According to the latest monthly survey by the Kaiser Family Foundation, around 61 percent of adults have either received their first dose or are excited about one, up from 47 percent in January.

The shift was most noticeable among black Americans, some of whom were hesitant before but also had access problems. Since February, 14 percent more black adults said they wanted or had already received the vaccine. Overall, black adults, who have also received violent advertising campaigns from celebrities, local black doctors, clergy and public health officials, now want the vaccine in numbers almost comparable to other leading populations: 55 percent compared with 61 percent for Latinos and 64 percent for whites.
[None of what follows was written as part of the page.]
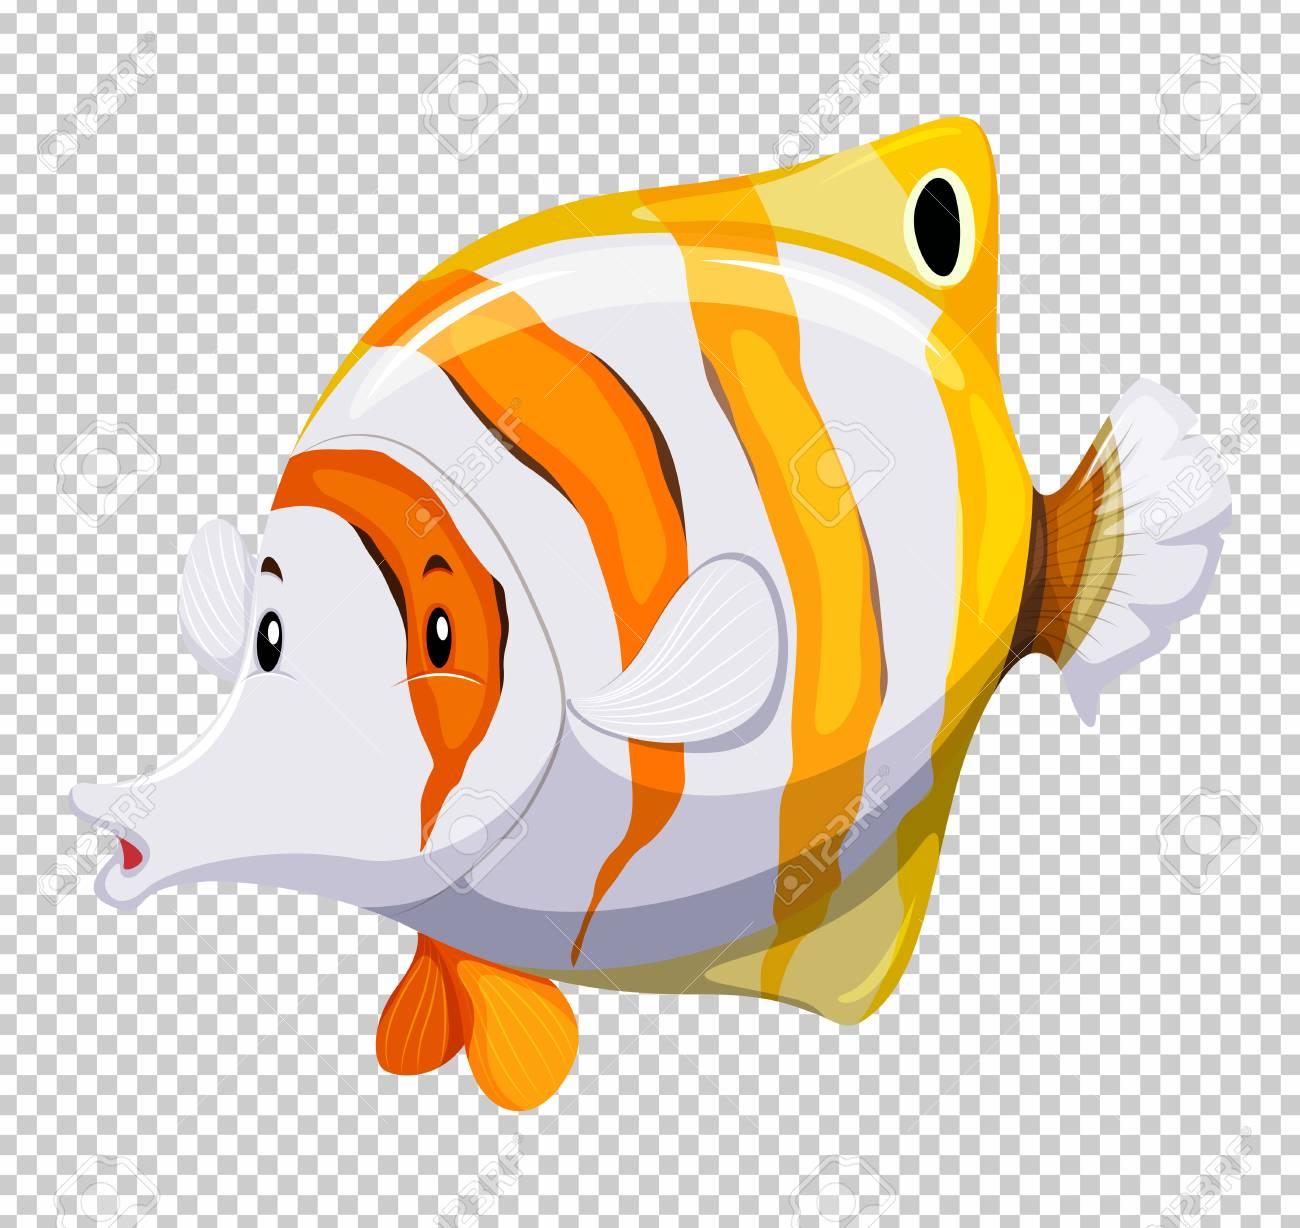 透明な背景イラストをかわいい魚のイラスト素材ベクタ Image 78000047

The Biden government has made justice a focus of its pandemic response, adding mass vaccination centers in several underserved communities. In early March, a New York Times analysis of state-reported race and ethnicity information found that vaccination rates for blacks in the United States were half that for whites and the gap was even greater for Hispanic Americans.

Dr. Reed Tuckson, founder of the Black Coalition Against Covid, welcomed the rising adoption rates but noted that practical issues still stand in the way of inclusion.

“The data and our anecdotal feedback encourage and support the need for equitable distribution and easily accessible vaccination sites run by trustworthy organizations,” he said. “The system has to support these decisions by doing the right thing to do the simple thing.”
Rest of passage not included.